The building-block approach is also key to future-proofing because systems can be upgraded and reconfigured as new and better components become available or AI needs change. When a supplier introduces a nextgeneration GPU with better performance and more power, Supermicro’s existing systems can be easily upgraded with that GPU. “This is a unique aspect of our systems, that with minimal changes, you can be ready for the next generation of accelerators,” Srivastava says.

Moreover, the company provides its customers with customized service and expertise, helping them configure their systems to optimize performance and efficiency.

One large enterprise customer asked Supermicro if they could help solve a problem: It had fans running to cool the system, but one of the fans was providing more cooling than needed—wasting energy.
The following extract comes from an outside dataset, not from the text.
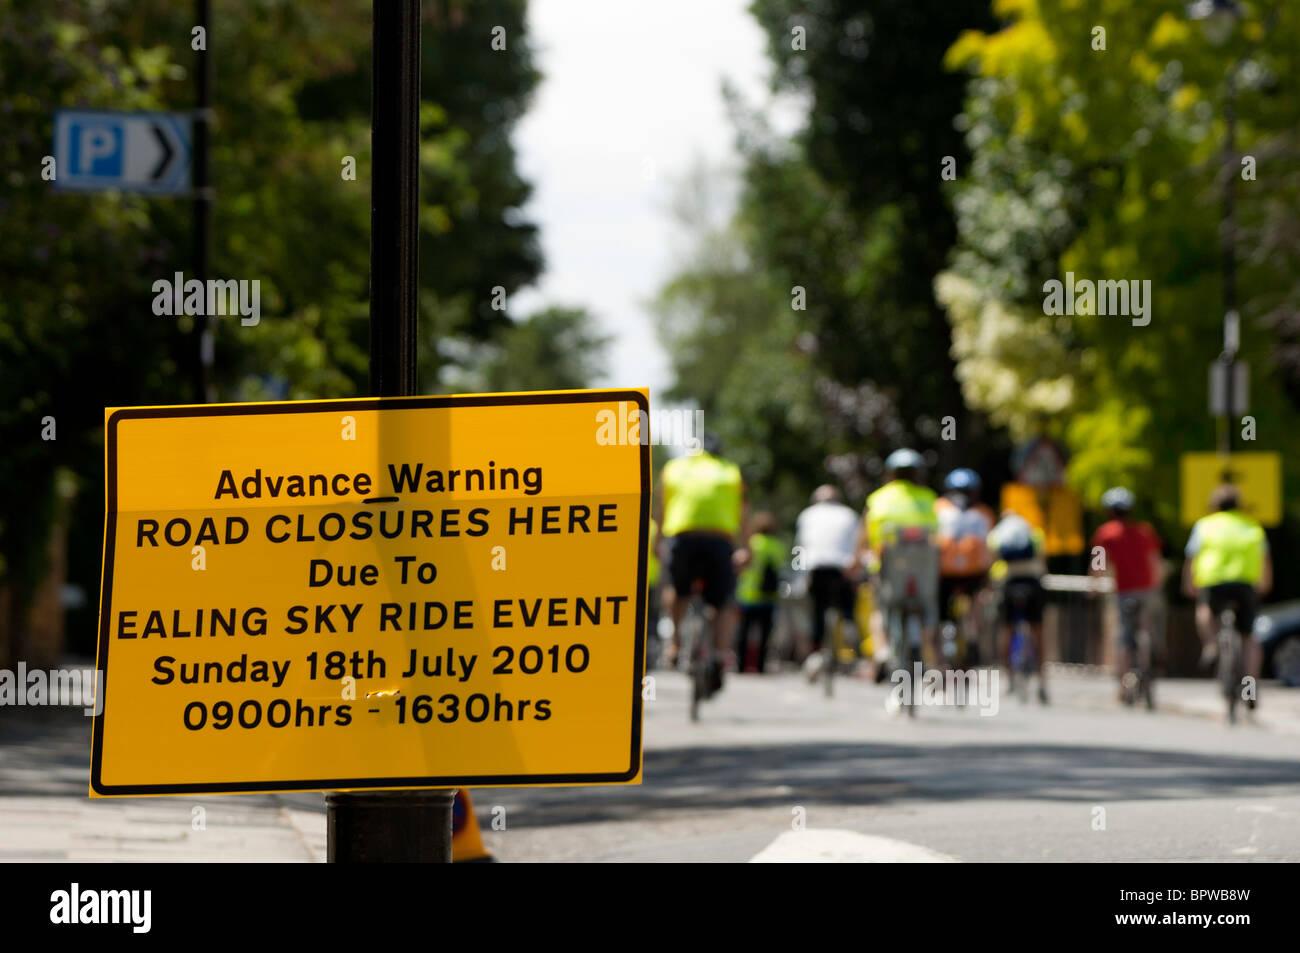 Road closure warning during Mayor of London's Sky Ride Ealing 2010, United Kingdom - Stock Image

Supermicro helped reconfigure the system into two separate cooling zones, reducing energy use in the part of the system that needed less cooling.

“We ended up saving that customer a lot of energy, and we learned things from the process we’re now applying to our next generation of systems,” Srivastava says.

Supermicro’s modular and customized approach ultimately means customers benefit from a flexible AI architecture that enables seamless scalability—allowing them to quickly ramp up their capacity and compute power as their AI needs evolve and expand. The systems are also optimized to run the applications customers use to get the most out of their AI.

“This flexibility and scalability allows our customers to get the most out of their AI workloads today while being able to expand and grow fast in the future,” he adds.